古田先生の絶筆、徴兵検査と「赤紙」の狭間で

 夜、帰宅すると、友好団体の「多元的古代研究会」の会報「多元」No.130号が届いていました。友好団体間で行っている機関紙交流用に送っていただいたものです。
 今号は一面に古田先生の遺影と訃報が掲載され、2頁目には古田先生による「遺稿・真実と虚偽2」が掲載されていました。半頁ほどの短いものでしたが、末尾には「二〇一五、一〇月十二日脱稿」と執筆日が付されており、先生が亡くなられた14日の二日前の日付であることから、これは先生の絶筆ではないでしょうか。字数が少ないことから、すでにこの日には体調がすぐれなかったのかもしれません。心が痛みます。
 しかし、短文ではありますが、その内容は現在の日本国がおかれた状況を危惧した、古田先生の心の奥底からの訴えであり、後生にのこされた「遺言」のような気がしてなりません。
 その前半は、義兄(井上嘉亀氏)から聞かれた、満州に取り残された日本人婦女子に対するソ連兵の組織的集団強姦事件の話であり、後半は徴兵を目前にした旧制広島高校での生徒たちの会話(何のために死ぬのか。
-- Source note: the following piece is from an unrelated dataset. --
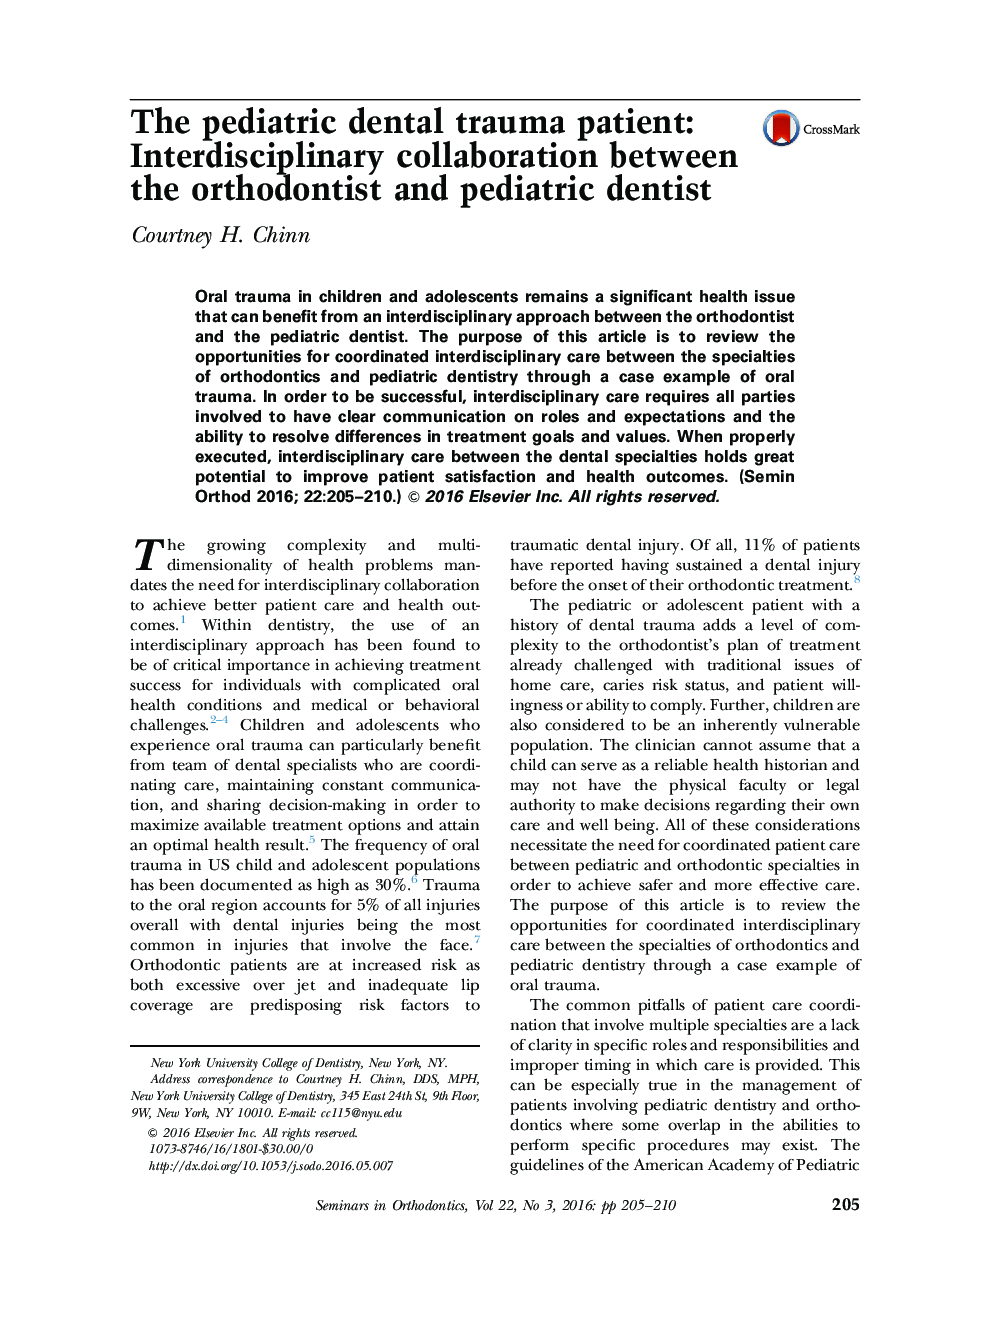 The pediatric dental trauma patient: Interdisciplinary collaboration between the orthodontist and pediatric dentist

死ねるのか。)です。いずれのお話も、わたしは何度も先生からお聞きしたことがあり、先生としては死ぬ前にどうしてもこれだけは何度でも伝えておきたかったことに違いありません。「多元」から後半部分を引用させていただきます。

 日本はすでに負けることを知っていた。戦時中だ。一晩中、旧制広島高校で議論した。
 「わたしたちはどうしたらいい?」
 「今、アメリカが、極東から沖縄まで、唯一独立国である日本国を、植民地にしようとしている。」
 「その日本国を植民地にするために、狙っているのがアメリカだ。」
 「しかし、わたしたちが“アジアのために”戦って負けたら、次は必ず〈アジアが独立する〉ときが来る。」
 「そのために“戦う”のなら、〈戦う意味がある〉のではないか。」
 夜を徹して、議論した。それが結論だった。
  〔二〇一五年一〇月十二日脱稿〕

 おそらくこのとき、古田青年は徴兵検査を終え、「赤紙」(徴収礼状)が来るのを待っていた時期と思います。というのも、わたしは古田先生から次のようなお話を聞いたことがあるからです。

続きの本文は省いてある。